Using Verilog, design an 8 -by -16- bit register file. See the verilog interface below. It has one write port, two read ports, three register select inputs (two for read and one for write,) a write enable, a reset and a clock input. All register state changes occur on the rising edge of the clock. As always, your basic building block must be the D-flipflop given in the Project modules provided page. The read ports should be all combinational logic. Do not use tri-state logic in your design.

Design this register file such that changing the width to 32-bit or 64-bit is straightforward

Use the following Verilog template:

module rf (
   // Outputs
   read1data, read2data, 
   // Inputs
   clk, rst, read1regsel, read2regsel, writeregsel, writedata, write
   );
   input clk, rst;
   input [2:0] read1regsel;
   input [2:0] read2regsel;
   input [2:0] writeregsel;
   input [15:0] writedata;
   input        write;

   output [15:0] read1data;
   output [15:0] read2data;

   // your code

endmodule

The read and write data ports are 16 bits each.
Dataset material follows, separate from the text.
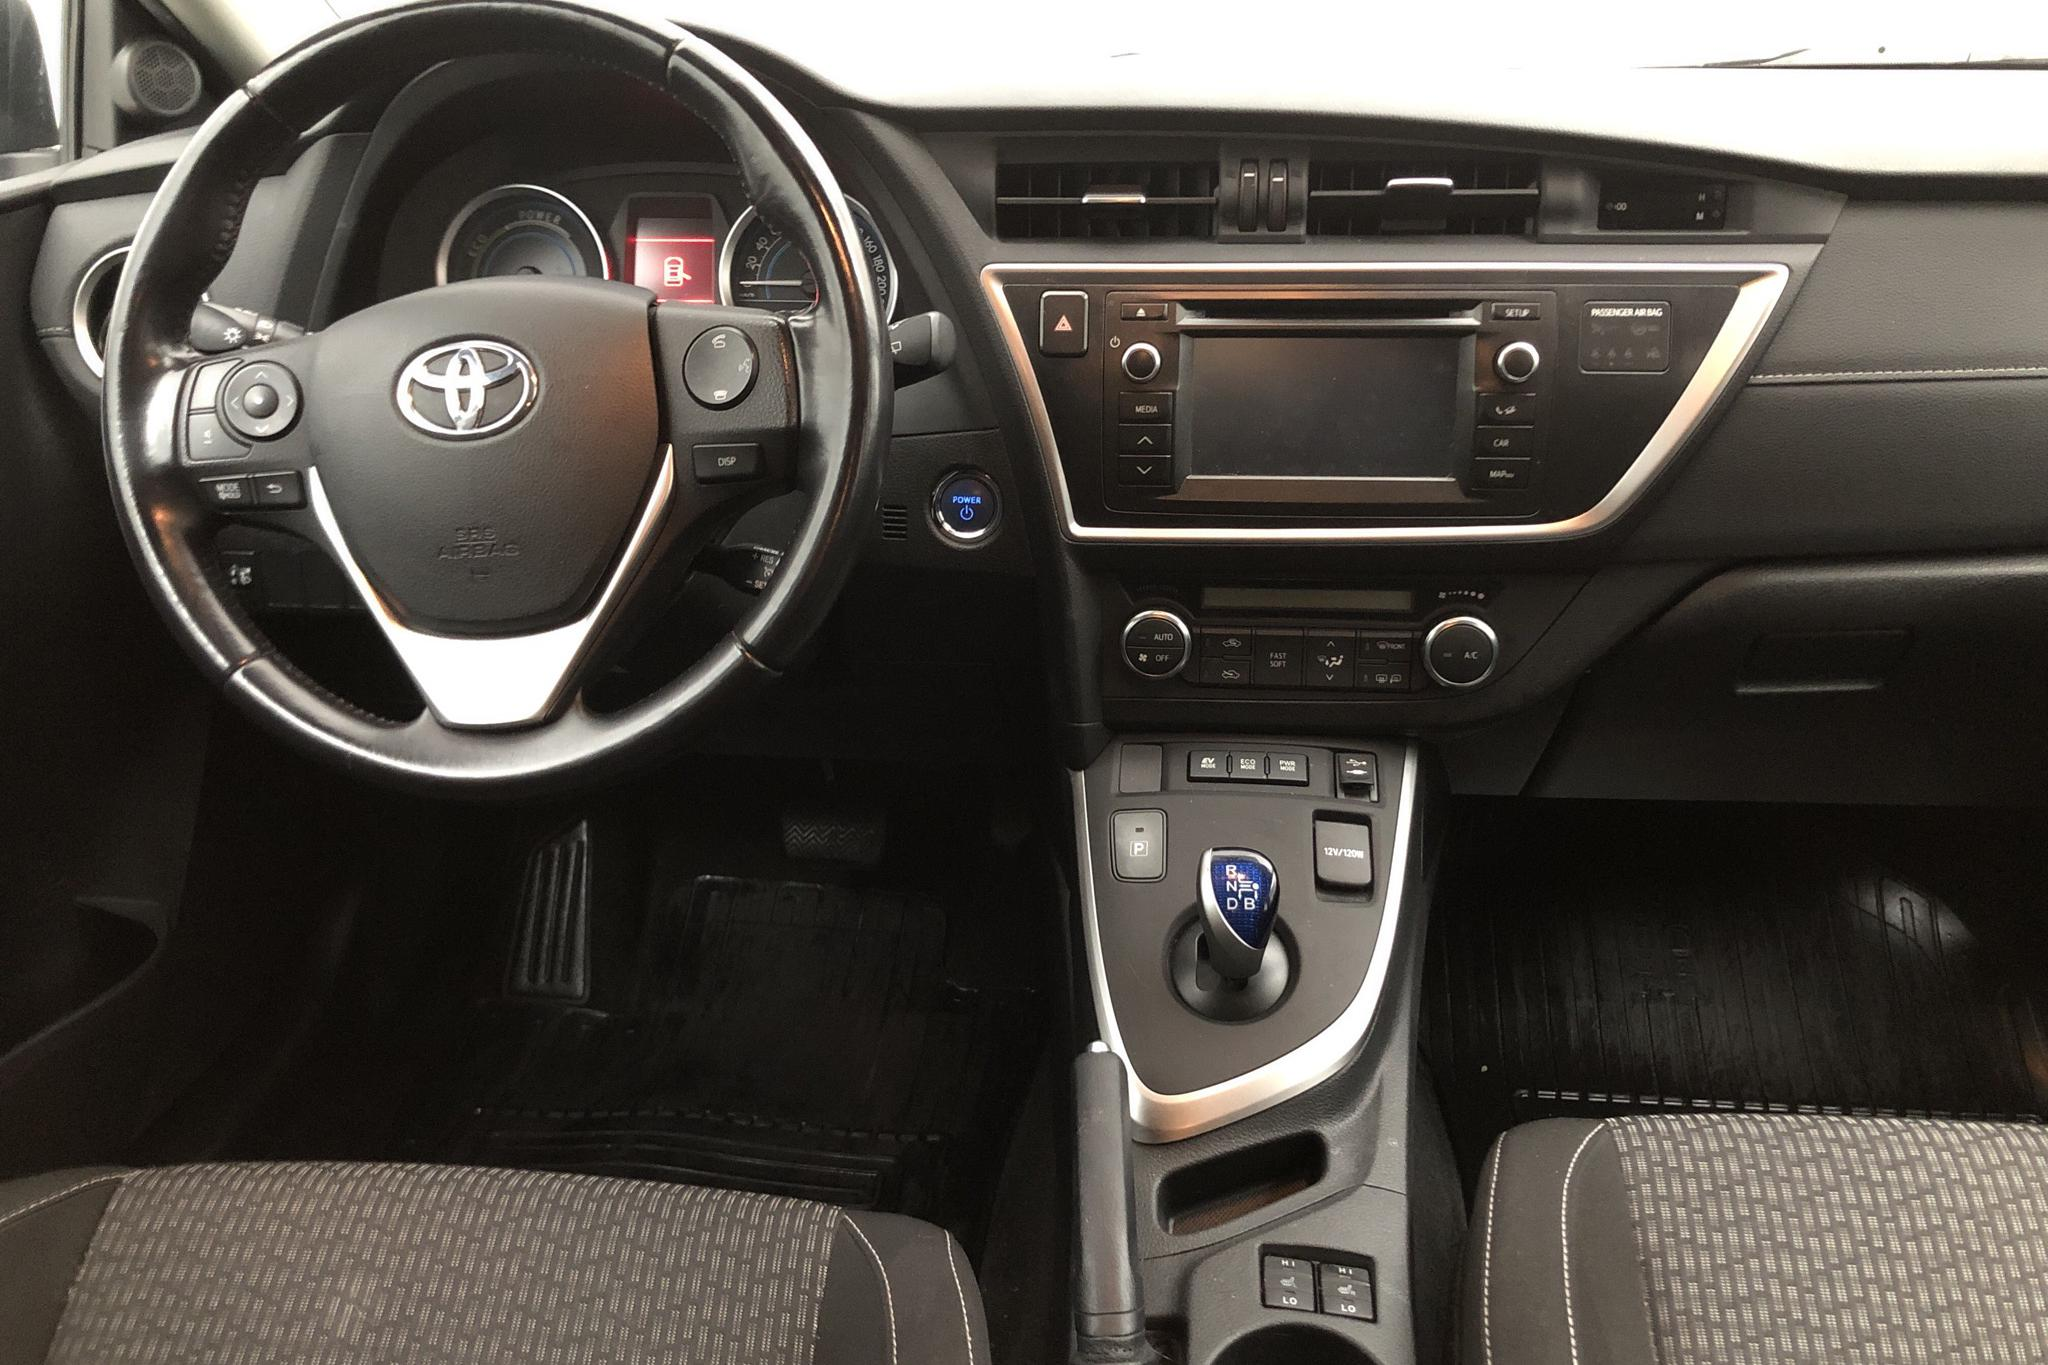 Toyota Auris 1.8 HSD Touring Sports (99hk) - 96 000 km - Automatic - brown - 2015

The select inputs (read and write) are 3 bits each. When the write enable is asserted (high) the selected register will be written with the data from the write port. The write occurs on the next rising clock edge; write data cannot flow through to a read port during the same cycle.

There is no read enable; data from the selected registers will always appear on to the corresponding read ports.

The reset signal is synchronous and when asserted (active high), resets all the register values to 0.

You must use a hierarchical design. Design a 16-bit register first, and then put 8 of them together with additional logic to build the register file.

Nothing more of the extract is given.